A batch, on the other hand, is either a batch of samples (B x F) in the case of a feedforward NN, or a batch of trajectories (T x B x F), wherein the batches are independently distributed from each other.

Recurrent neural networks are only effective on sequences of data where each point has some sequential relationship with other points, not a batch of data in which each point is independently distributed. I don't think there is any advantage in using an RNN on an trajectory whose length is 1.

Finally the batch of inputs needs to match the batch of hidden states?

I'm not entirely sure what you mean here, but if you mean the hidden states must be initialized to match the batch dimension, then yes, as is done here: https://github.com/siekmanj/r2l/blob/master/policies/base.py#L119

So to close I will use a toy example, if we have a batch size of 512 then that means I have sampled 512 actions or states from the buffer. This means that the input to my actor is of dimension 512xobs_shape which corresponds 512 different timesteps in the experience? At least this is how I though of the batch in this setting.

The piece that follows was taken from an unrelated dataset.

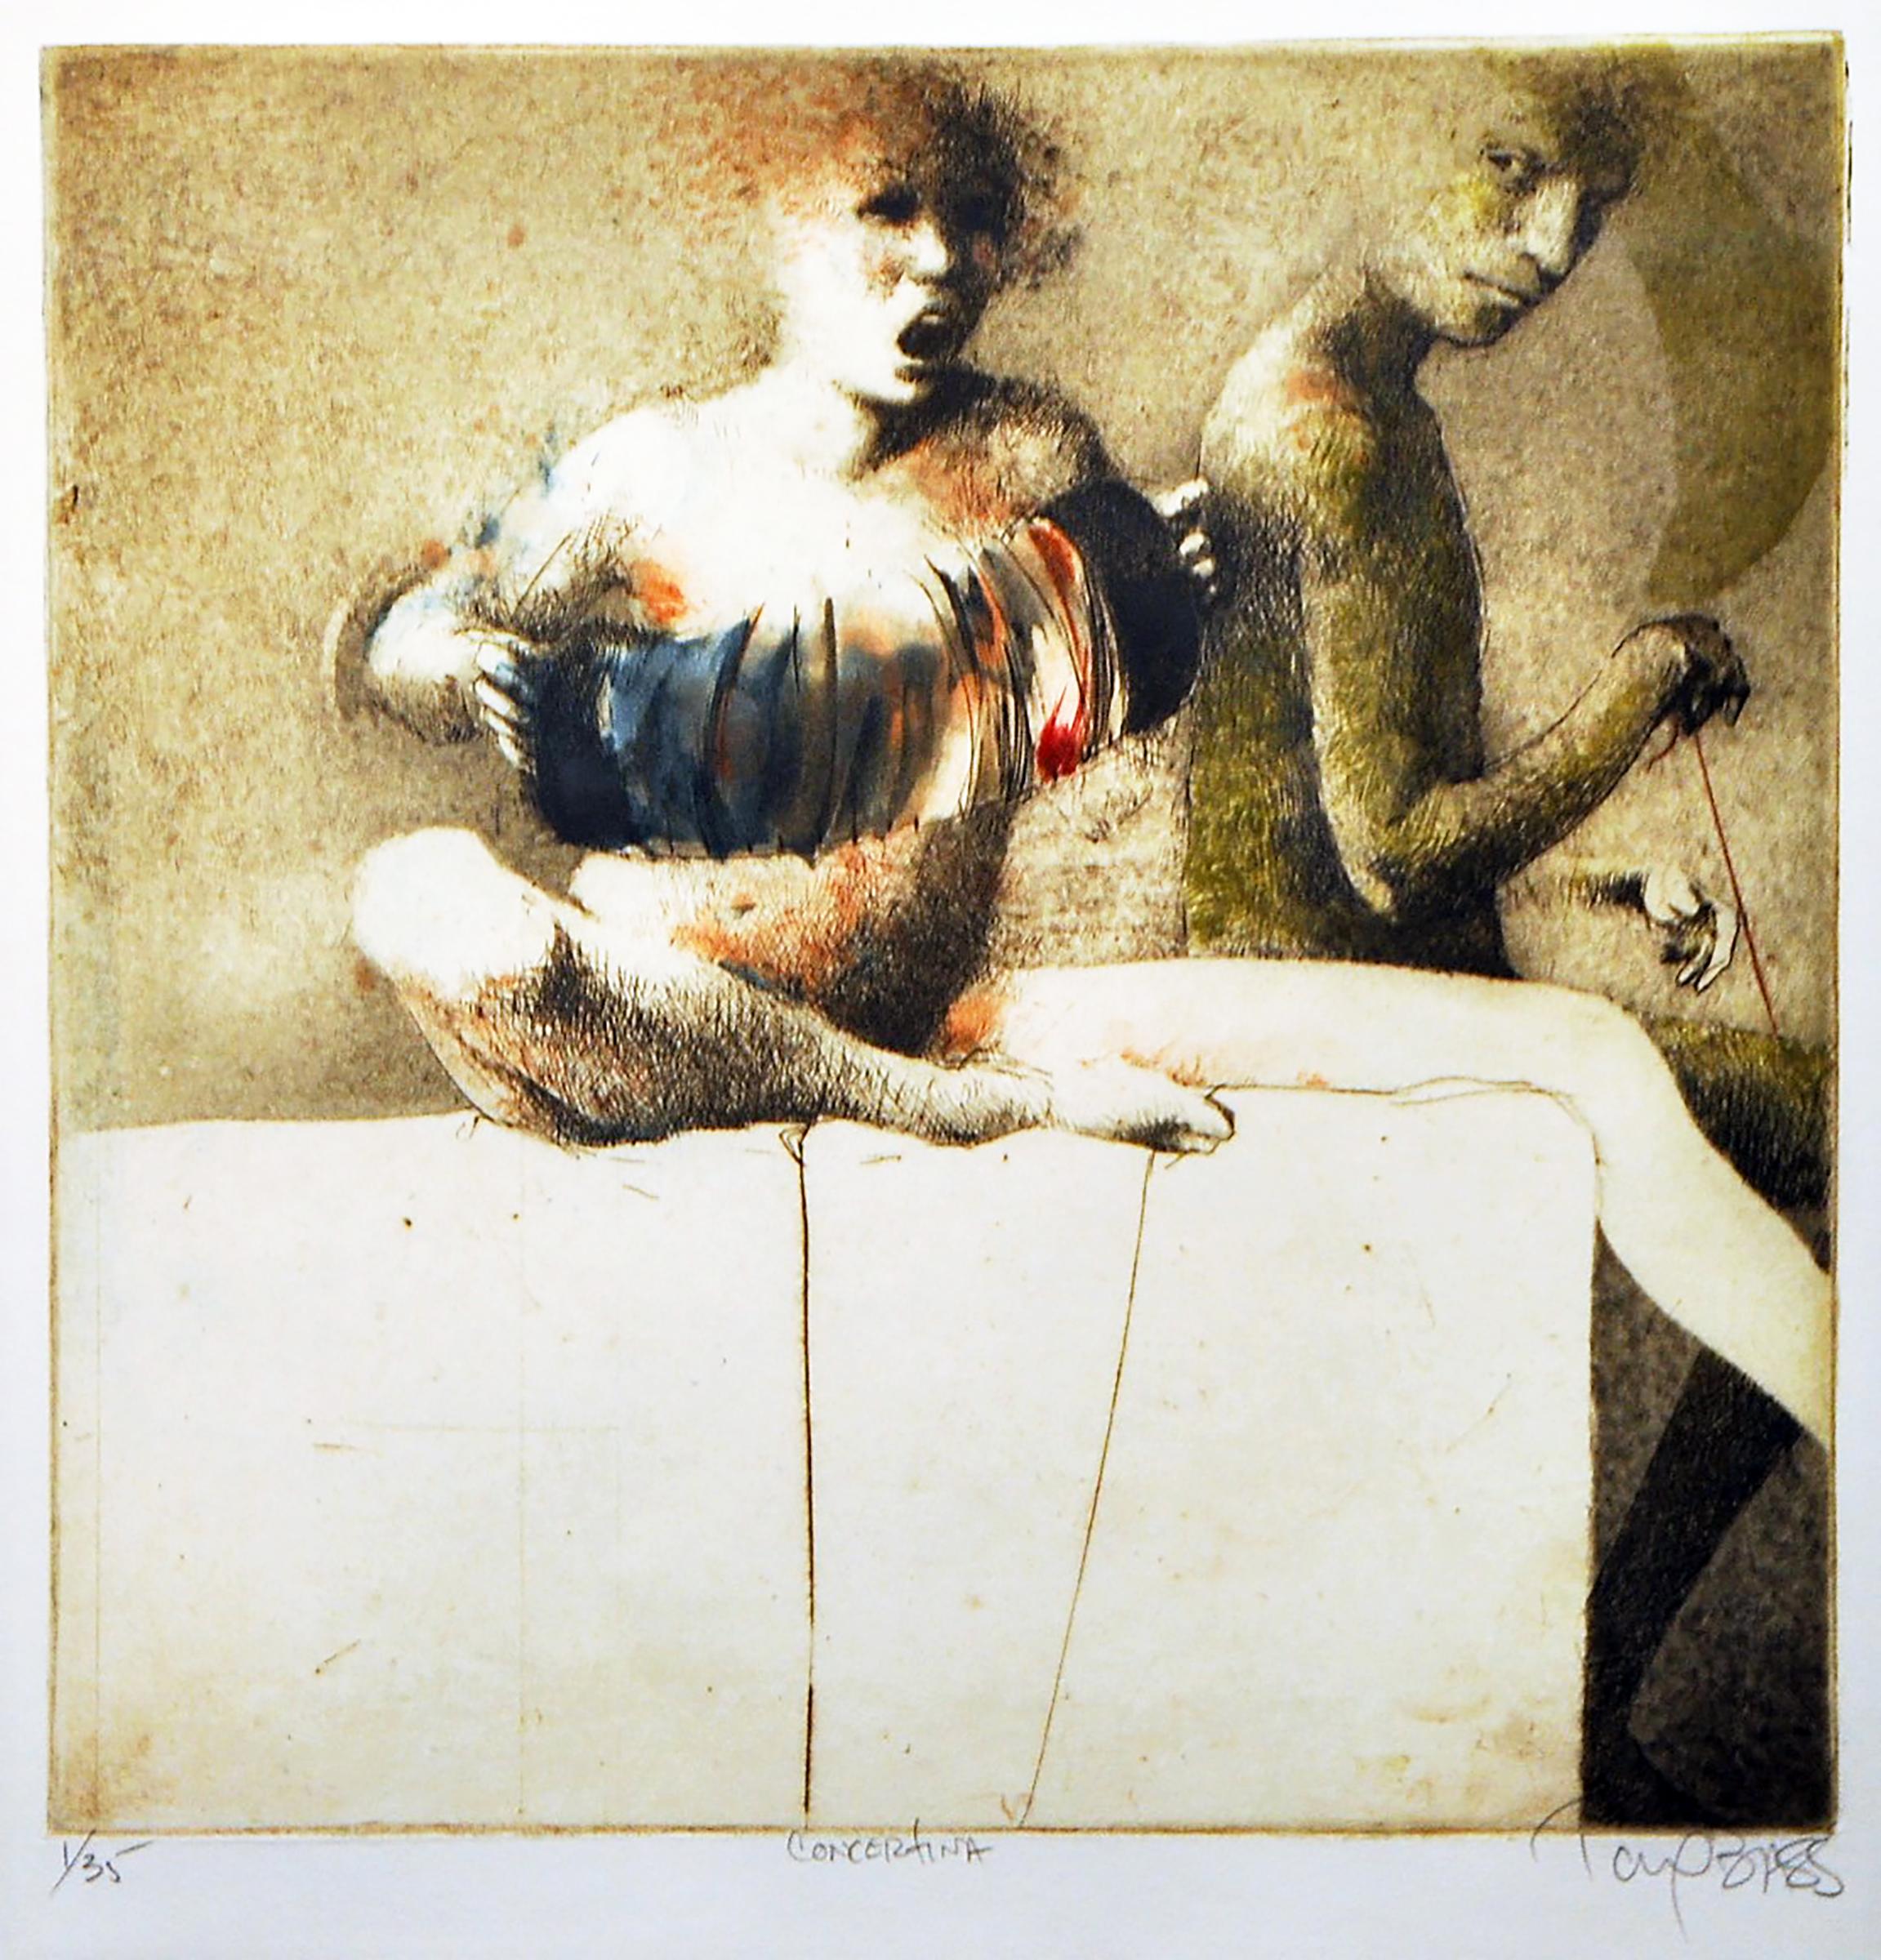 "Concertina" des zeitgenössischen amerikanischen Künstlers Tony Bass ist eine Radierung auf Papier, die zwei menschliche Figuren darstellt: eine sitzende Frau, die singt und etwas zu spielen scheint, was ein Akkordeon zu sein scheint, während eine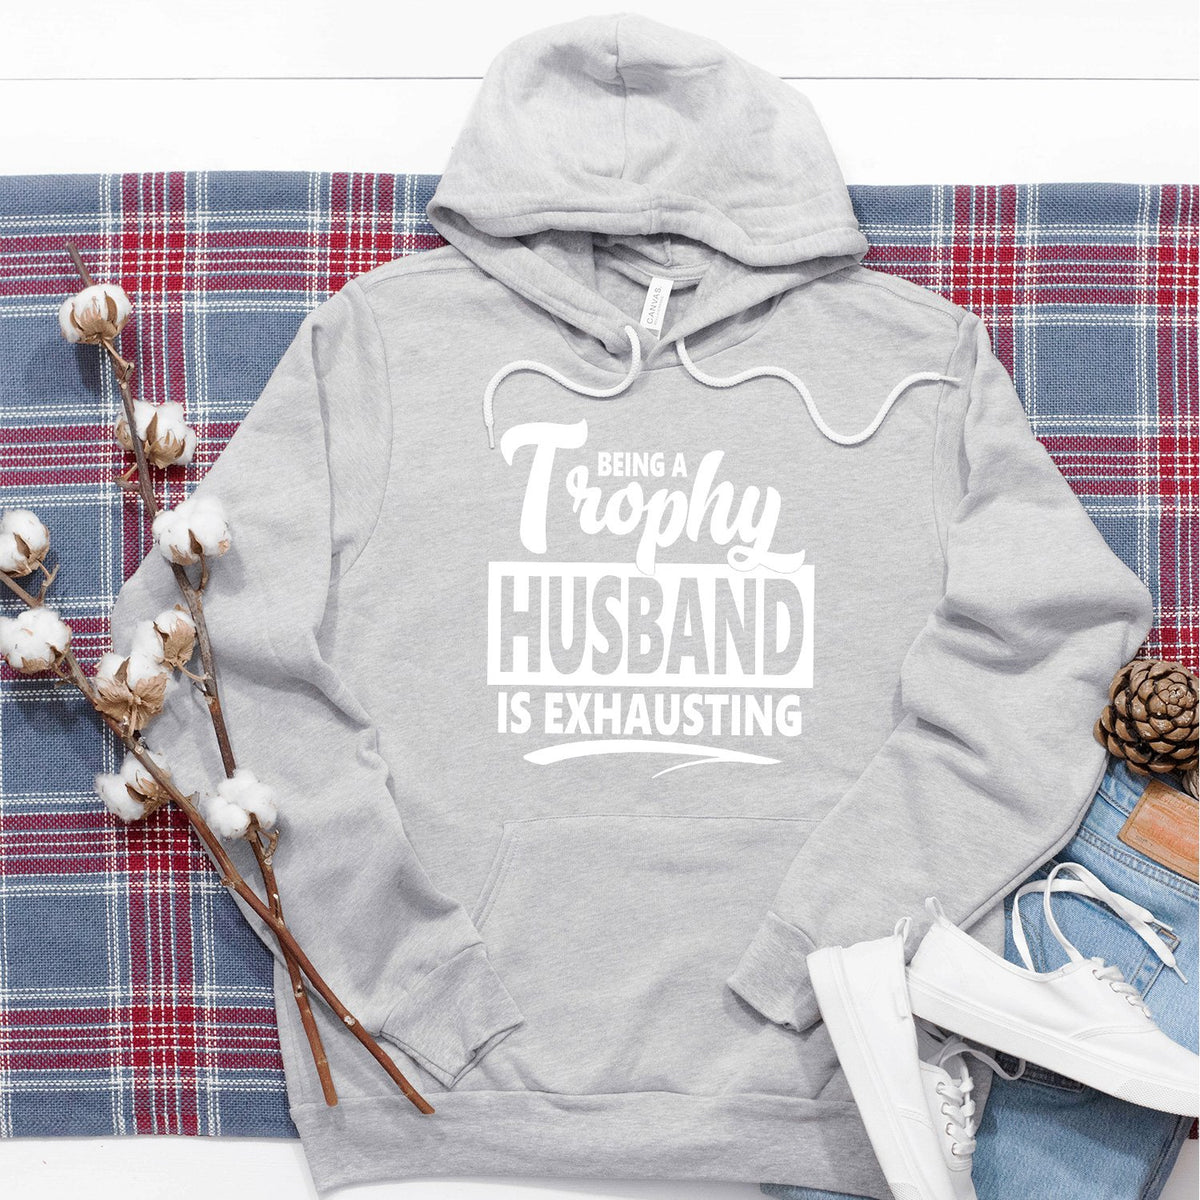 Being A Trophy Husband is Exhausting - Hoodie Sweatshirt

In feedforward networks, this is how batching works. Because RNNs operate on sequences though, a batch size of 512 really means you are training on batches of 512 trajectories. When you are training, you feed a tensor which is T x 512 x F to your policy, so there are T x 512 total timesteps sampled in all.

I had a better look at the code it seems that when there is a recurrent policy then the trajectory idx is what achieves the timestep dimension? I will also download the code and play around to get a better feel for it.

I am not sure what you mean. If you mean this traj_idx variable: https://github.com/siekmanj/r2l/blob/master/algos/ppo.py#L38, then this keeps track of how to index collected trajectories in the replay buffer.

I have downloaded and played around with the code and more specifically run a ppo agent on halfcheetah using an lstm architecture with the other parameters being the default. It seems to me that the way you are actually using the states when a recurrent policy is trained, is that you are iterating over trajectories. I found that with num_steps 5000, 4 workers and batch_size of 64 does not return any indices from the BatchSampler in a recurrent policy.

This is actually a bug I've been meaning to fix, but it's the result of hyperparameter selection. You are collecting 50,000 timesteps and then attempting to sample 64 trajectories. However, each trajectory is up to 1000 timesteps long, so you are over-sampling your buffer and trying to sample 64x1000=64,000 timesteps. The code really should not return an empty list of indices when this happens and I should get around to fixing this, but as it stands this is the behavior, yes. Try using a batch size of 32 or 16.

I understand that I may not be as clear so please if you can do expand on this and we can discuss it because I am really interested to understand how to actually handle it as well as the intuitive aspect behind this.

Anything by Andrej Karpathy will be good for intuition here. For intuition, this video (or similar videos on Youtube) might help: https://www.youtube.com/watch?v=LHXXI4-IEns

npitsillos commented 3 years ago

Thank you for the extensive feedback! It seems clearer to me now and I think I have understood what you mean and how to proceed! If it helps, just a thought, perhaps use drop_last = True in that case to return however many trajectories there are? Again thank you for being patient. It is my understanding that a lot of DRL algorithms are heavily depended on implementation specifics. So to reiterate the only caveat in recurrent policies is that you also need to keep track when trajectories have ended to have a sort of index on how to batch the trajectories.

siekmanj commented 3 years ago

Yep! You need to keep track of the start and end points of each trajectory in your replay buffer to do trajectory batching correctly. I think you actually would want to use drop_last=False rather than True, but if that's what you meant, I think flipping that value around will fix your issue as well, yes.